Ривка вскочила, вытерла лицо ладонями, пригладила волосы.
— Иди, открывай. Небось повестки принесли. Иди, иди, что ли.
Ной поспешил в прихожую, открыл дверь. В дом зашли двое.
— Вам повестка, — сказал первый, с плоским лицом, — Вы Юдовский? Ной? Распишитесь.
— Это я, Ной, — согласно кивнул мужчина, схватил протянутую бумагу, прищурился подслеповато, — Где? Где расписаться?
— В доме с вами еще кто-нибудь проживает? — спросил второй, рябой, тыча пальцем в нужную строчку.
— Жена моя. Ривка.
Ной повернулся, хотел позвать громко, да голос сорвался:
— Ривка, иди сюда, расписываться будем.
Ривка подошла, на вошедших не посмотрела, черкнула закорючку в бланке, проворчала, передразнивая:
— «Расписываться будем». Мы уж двадцать лет, как с тобой расписаны.
— Вылет завтра, в это же время, будьте готовы, — сказал рябой и добавил, оглядываясь, — А дети ваши где же? У нас стоит в бумагах — трое.
— Во дворе — ответила Ривка твердо и добавила, поджав губы, — Дети во дворе. Мы все будем завтра готовы.
— Хорошо. Так и запишем. Двое взрослых, трое детей, — плосколицый поглядел строго на Ноя, — И не забудьте — никаких растений и никаких домашних животных. Запрещено законом. Известное дело. Вам только волю дай — все Землю растащите.
Двое ушли.
Ной посмотрел на Ривку.
— А как же Юда? Что будем делать?
Юда — рыжая приблудная кошка, однажды явилась в дом к Юдовским, да и прижилась.
Оставлять ее было жаль и не с кем.

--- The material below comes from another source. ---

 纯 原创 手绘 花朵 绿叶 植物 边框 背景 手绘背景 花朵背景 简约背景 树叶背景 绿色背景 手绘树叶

Евреев в городе почти не осталось.
Пока раздумывали как быть с кошкой, дети вернулись со двора.
Уселись ужинать.
— Мам, — спросил младший, — А пицца на Марсе есть?

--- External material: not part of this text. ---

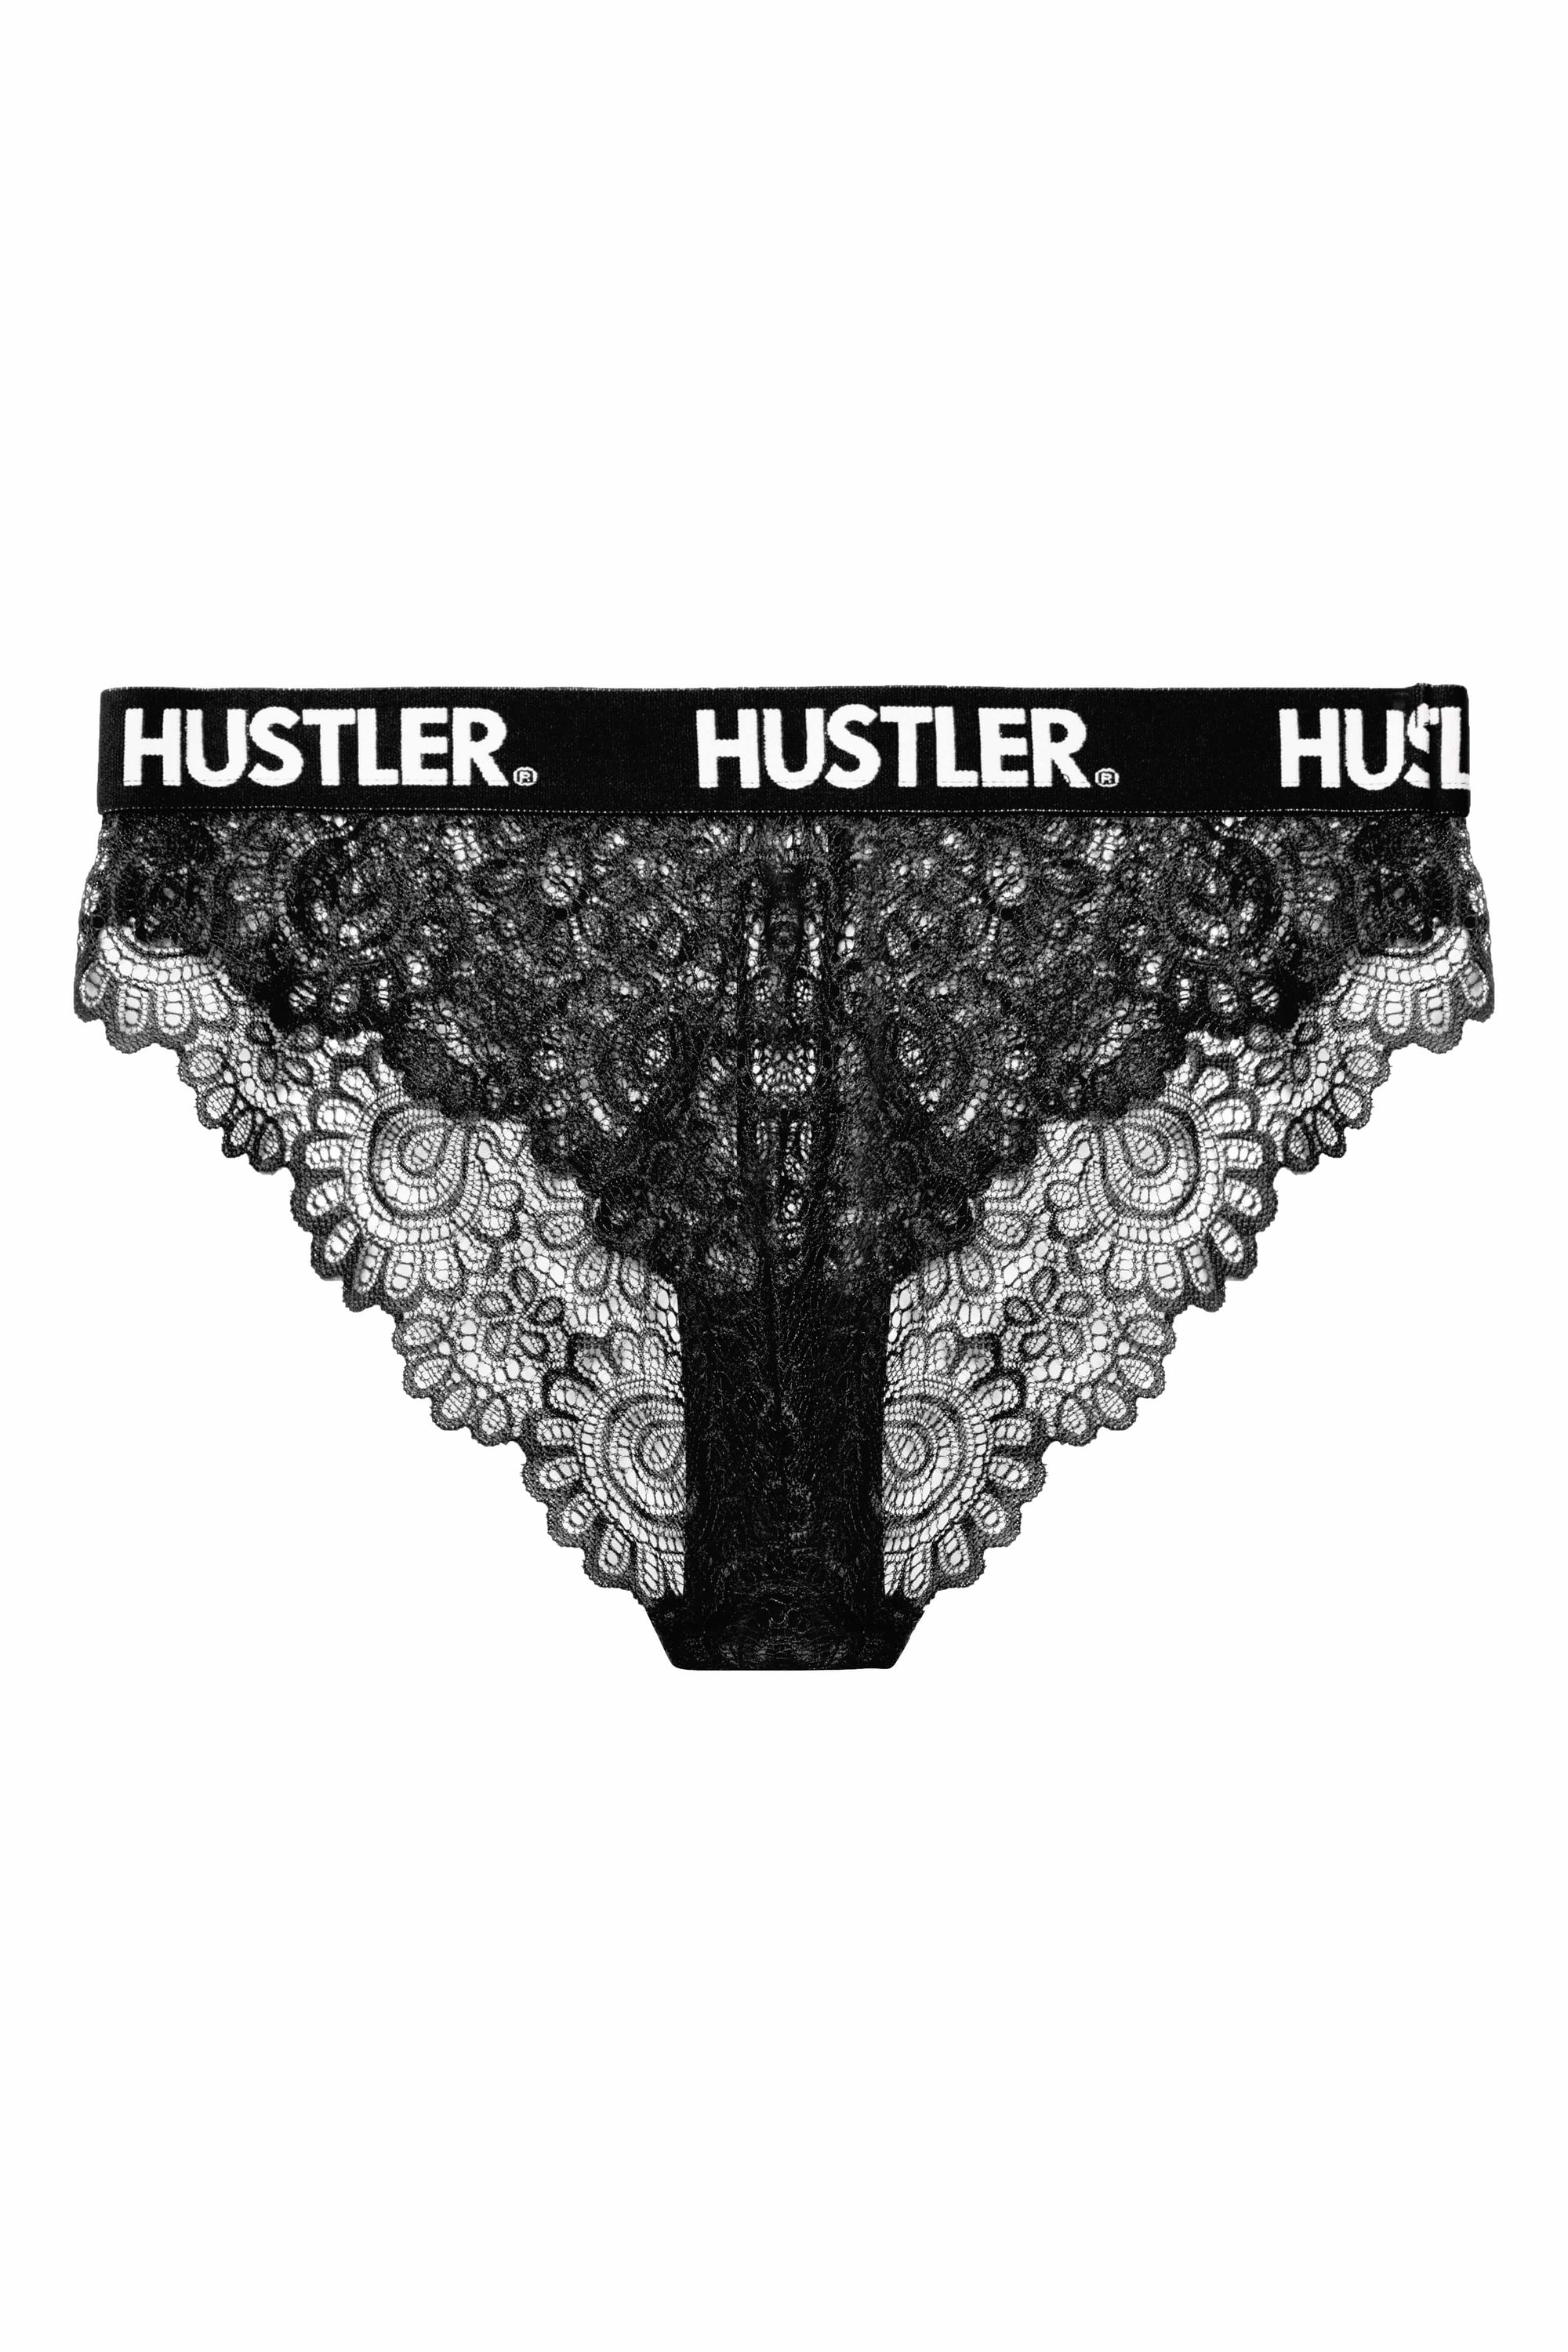 Hustler Branded Black Curve Lace Brief

Ривка пожала плечами, поглядела на мужа.
Ной оживился, потому что глубоко в душе был выдумщик и сочинитель историй.
— Конечно есть, еще какая! Марсианская, к тому же всегда свежая и горячая. Там вообще все свежее.
— И горячее? — усмехнулся средний.
— Средняя температура воздуха на Марсе, — нудным голосом принялся объяснять старший, — пригодна для жизни, про это во всех учебниках написано.
— Выкинь свой учебник, — ухмыльнулся средний, —Это они специально наврали, чтобы всех евреев на Марс выпихнуть, раз уж поубивать не получилось.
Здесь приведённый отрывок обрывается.